When to Use This Knowledge

Use when:

  • Your application cannot tolerate multi-second GC pauses
  • You have latency SLAs measured in hundreds of milliseconds
  • Running server workloads where responsiveness matters (web servers, APIs, trading systems)
  • You have heap sizes over 4GB where full stop-the-world GC becomes painful

Do not use when:

  • Throughput is your only metric (batch processing, ETL)
  • Your heap is small (under 1GB) and Serial/Parallel work fine
  • You can already meet latency SLAs with Parallel GC

When NOT to Use This Knowledge

If your production environment runs ZGC or Shenandoah, most CMS and G1 tuning advice does not apply. These collectors work differently and require different approaches.

Java 21 LTS or later with strict latency SLAs? Start with ZGC. It eliminates pause time tuning complexity through automatic concurrent compaction. Time spent mastering G1 pause time targets when ZGC handles this automatically is opportunity cost wasted elsewhere.

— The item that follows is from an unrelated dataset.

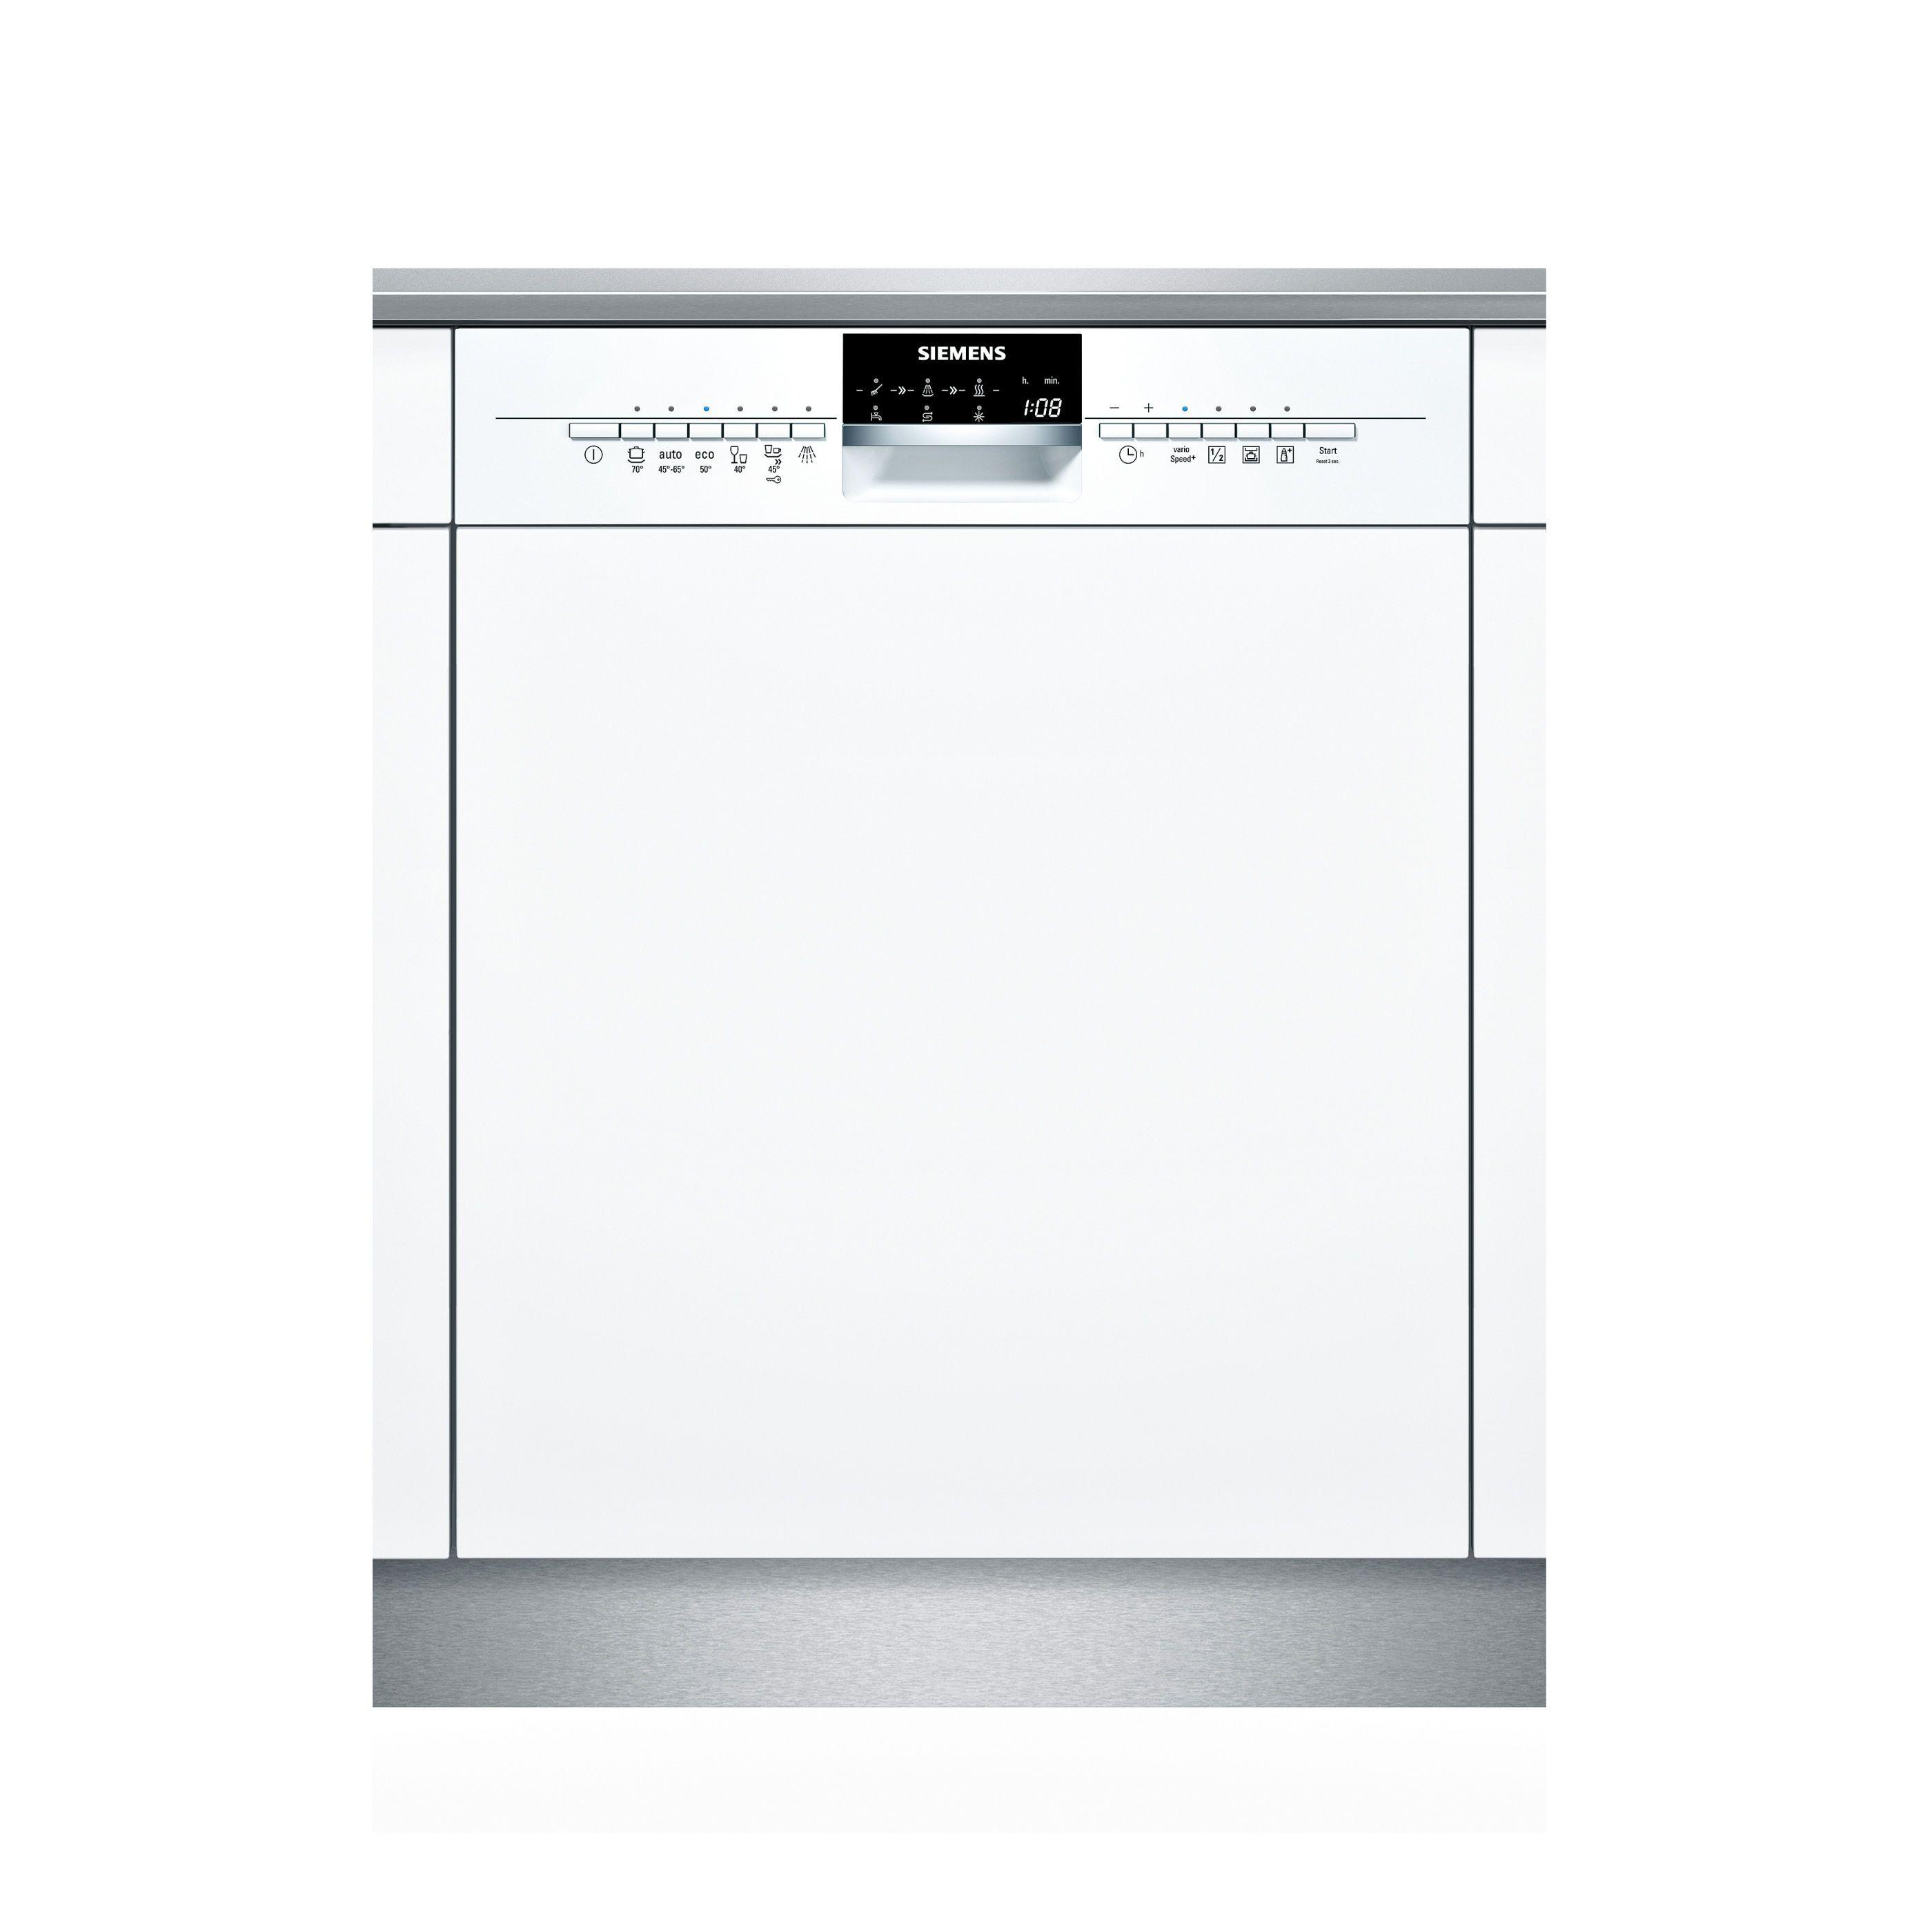 47 Genial Geschirrspuler Integrierbar 60 Cm Arbeitsplatte Kuche Geschirrspuler Geschirr

CMS is gone, removed in Java 14. Learning CMS collector flags and failure modes is historical knowledge now unless you are maintaining legacy Java 8 systems. For new development, use modern collectors. For continued learning on modern JVM garbage collection, explore the Advanced Java & JVM Internals roadmap.

The Concurrent Approach

The core idea behind both CMS and G1 is simple: stop-the-world pauses are the enemy of latency. Instead of doing all GC work while the world is stopped, these collectors do as much work as possible concurrently - while application threads are running.

graph TB
    subgraph Serial["Serial/Parallel GC"]
        direction TB
        A1["Stop The World"] --> A2["GC Work"] --> A3["Stop The World"] --> A4["GC Work"]
    end
    subgraph Concurrent["CMS / G1"]
        direction TB
        B1["Initial Mark\n(STW - short)"] --> B2["Concurrent Mark"] --> B3["Remark\n(STW - short)"] --> B4["Concurrent Sweep"] --> B5["Concurrent Sweep"]
    end

The trade-off: doing GC work concurrently means using CPU cycles that could have gone to your application. You are buying shorter pauses with CPU time.

CMS Collector

CMS (Concurrent Mark Sweep) was the first low-latency collector in the JVM. It targets old generation GC, trying to collect it without long stop-the-world pauses.

How CMS Works

CMS phases:

  1. Initial Mark (Stop-The-World, short): Mark reachable objects from GC roots. Fast - usually under 100ms.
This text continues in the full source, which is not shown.